After a 171-day trial, the trial judge found that the 1990 will was forged. On appeal, the Court of Appeal upheld the lower court’s judgment. Shortly after the Court of Appeal’s decision, Nina Wang was charged with forgery.

The matter was appealed to Hong Kong’s highest court, the Court of Final Appeal. After reviewing in detail the handwriting evidence of the courts below, the Court of Final Appeal vindicated Nina Wang, held that the 1990 will was not forged, and ordered the 1990 will to be admitted to probate as Teddy’s last will. Nina Wang thus inherited her late husband’s estate and became the richest woman in Asia.
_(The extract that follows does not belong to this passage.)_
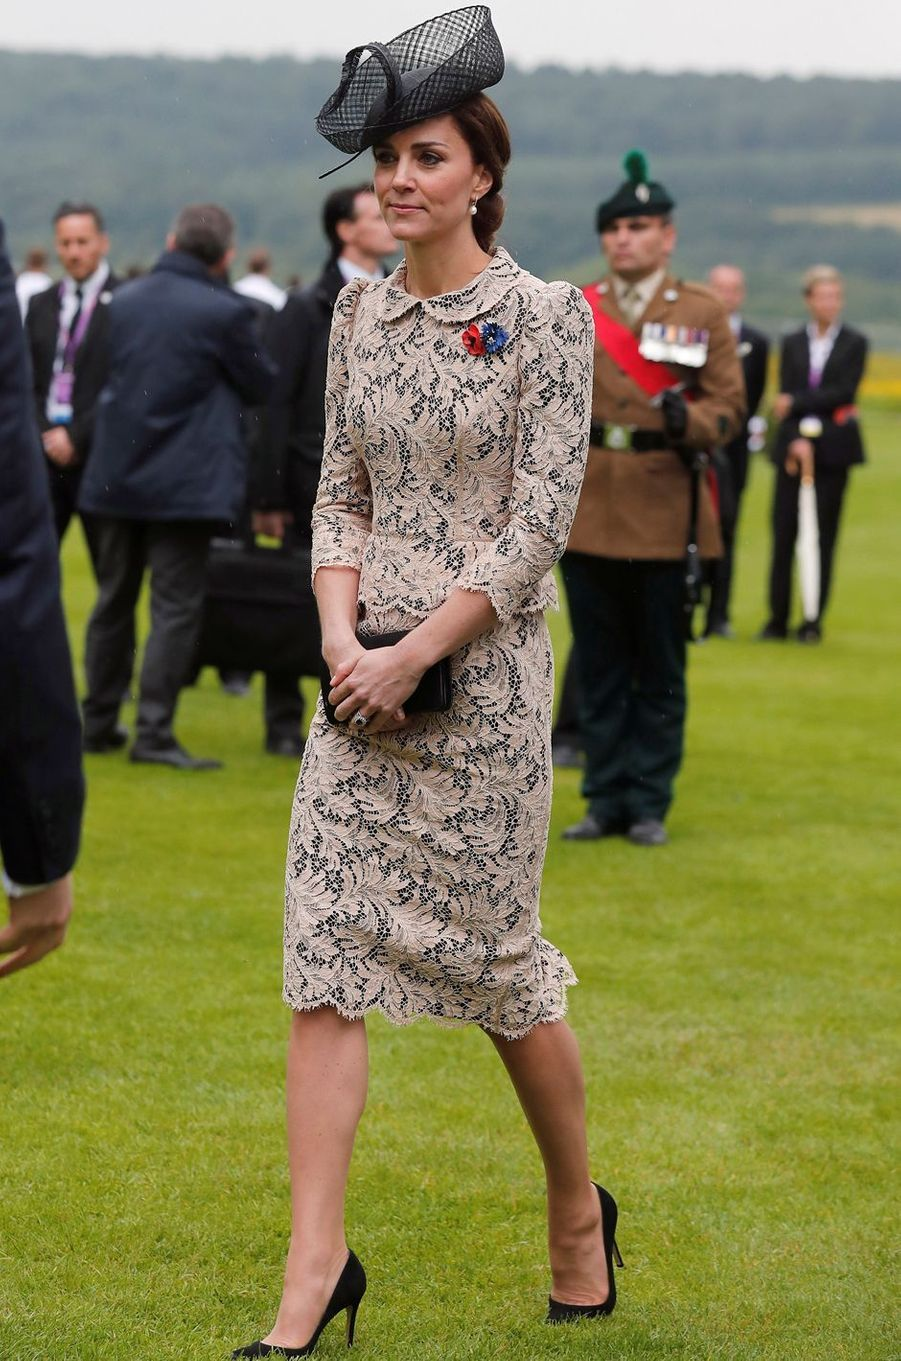 Kate Middleton le 1er juillet 2016 dans une robe Sophie Hallette/Dolce & Gabbana estimée à 3 000 livres

The Estate of Nina Kung: Chinachem Charitable Foundation Limited v Chan Chun Cheun & Ors [2010] HKCU 27 – Will Forgery

As fate would have it, just 2 years after Nina Wang won the probate litigation against her late husband’s father, Nina Wang passed away from cancer.

In a curious case of history repeating itself, Nina Wang’s last will was contested after her death. Nina Wang’s fengshui master and alleged lover, Tony Chan, claimed that he possessed Nina’s last will which was executed in 2006. This purported will bequeathed the remainder of Nina Wang’s estate to Tony.
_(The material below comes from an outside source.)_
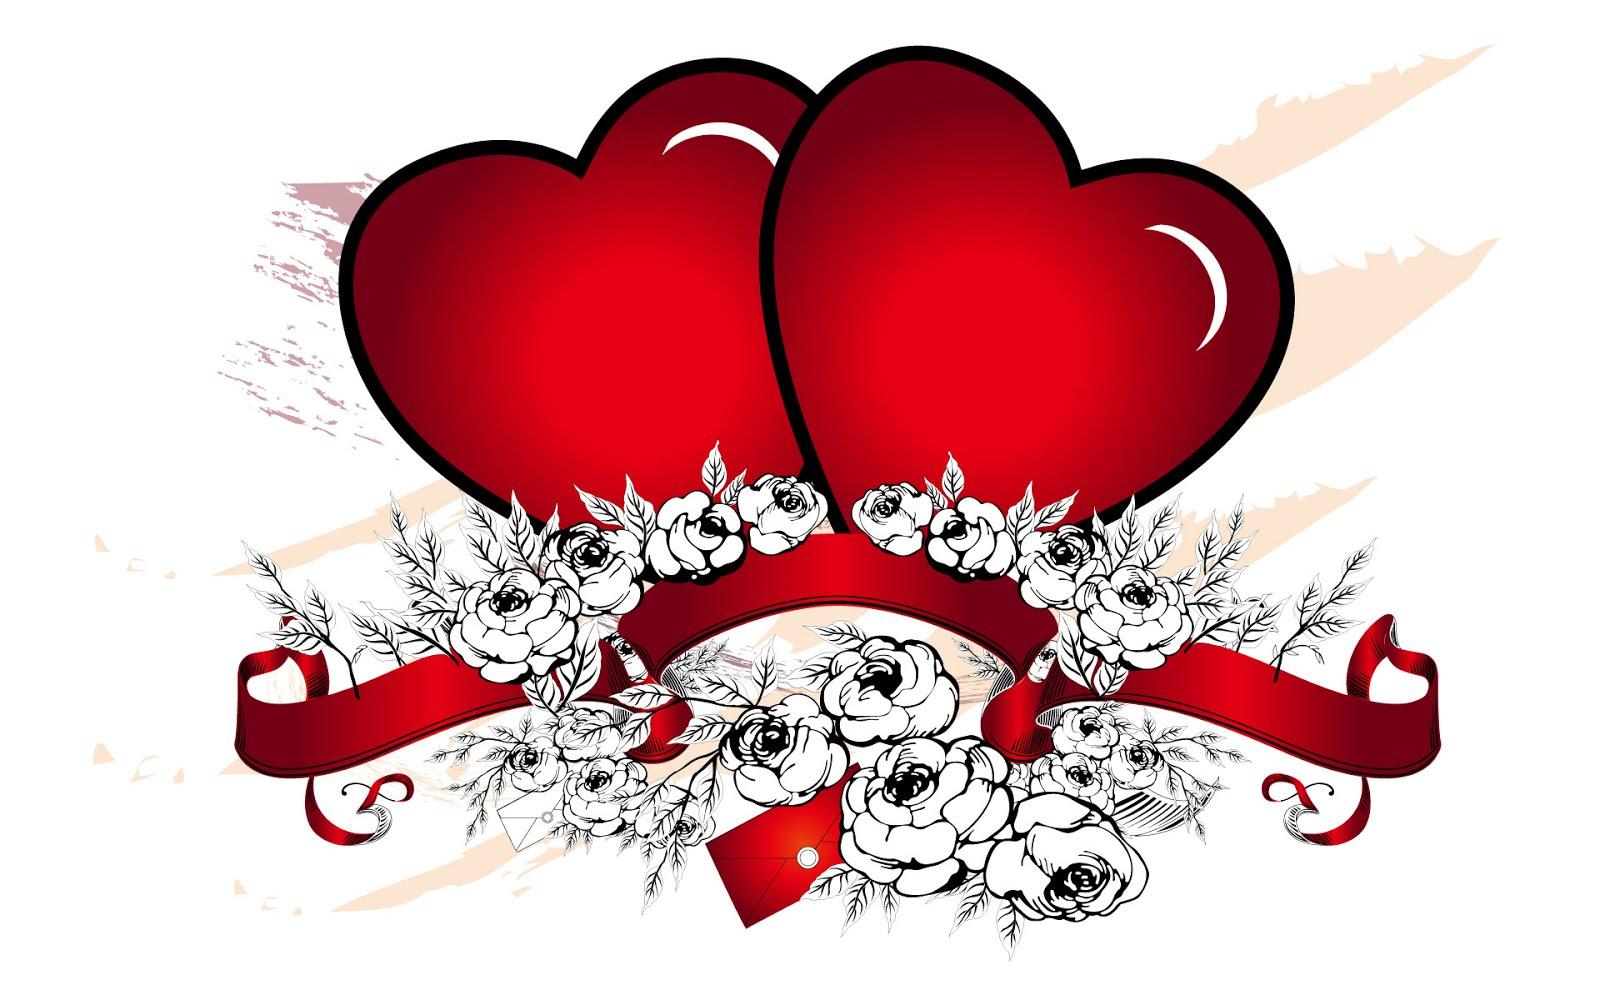 Сердечки к дню святого валентина

The 2006 will contradicted Nina Wang’s earlier will which was executed in 2002, and bequeathed Nina Wang’s estate entirely to the Chinachem Charitable Foundation Limited (“Foundation”).
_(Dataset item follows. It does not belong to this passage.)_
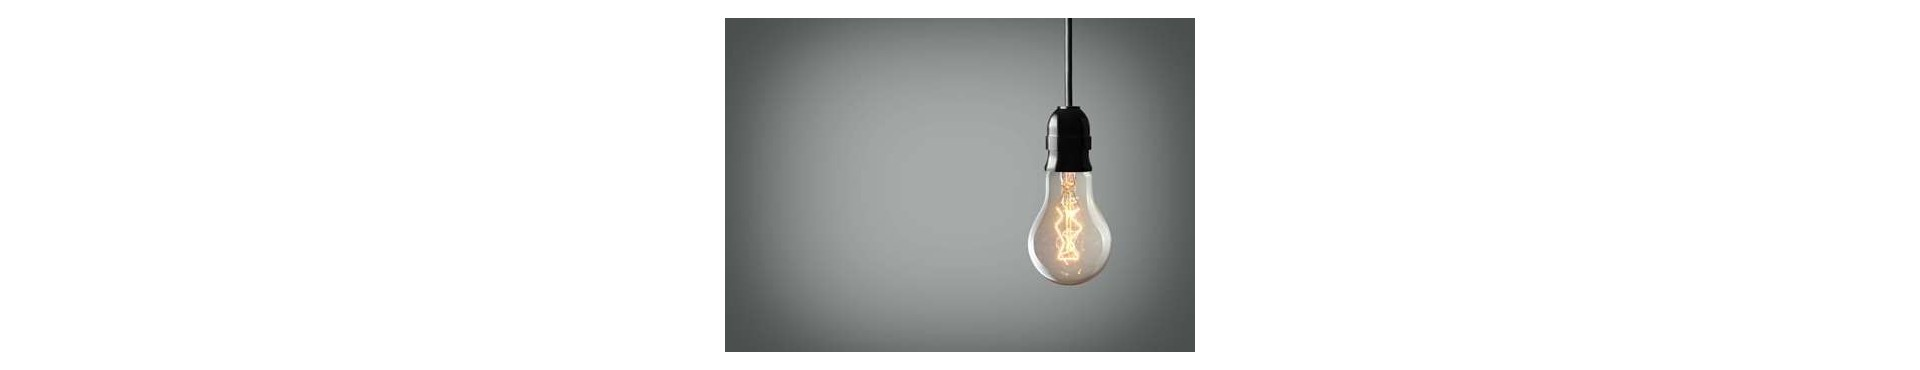 Lumière wifi Tuya Smartlife Alexa Google home

It was not disputed that a document was executed by Nina in 2006 with two attesting witnesses. The Foundation argued that the document which was executed in 2006 was only a partial will which made a specific bequest of HKD10 million to Tony, whereas Tony contended that the document was the 2006 will as produced by him.

In its 321-page judgment, the Court gave significant weight to the evidence of the two attesting witnesses of the 2006 will, which was that the document that they had attested in 2006 was a partial will. The Court also considered the evidence of handwriting experts who concluded that the 2006 will was a forgery, with the alleged signatures of Nina Wang and the two attesting witnesses being fake but highly-skilled simulations. Accordingly, the Court held that the document executed in 2006 was the partial will, and not the purported will produced by Tony, and that the 2006 will had been forged by Tony.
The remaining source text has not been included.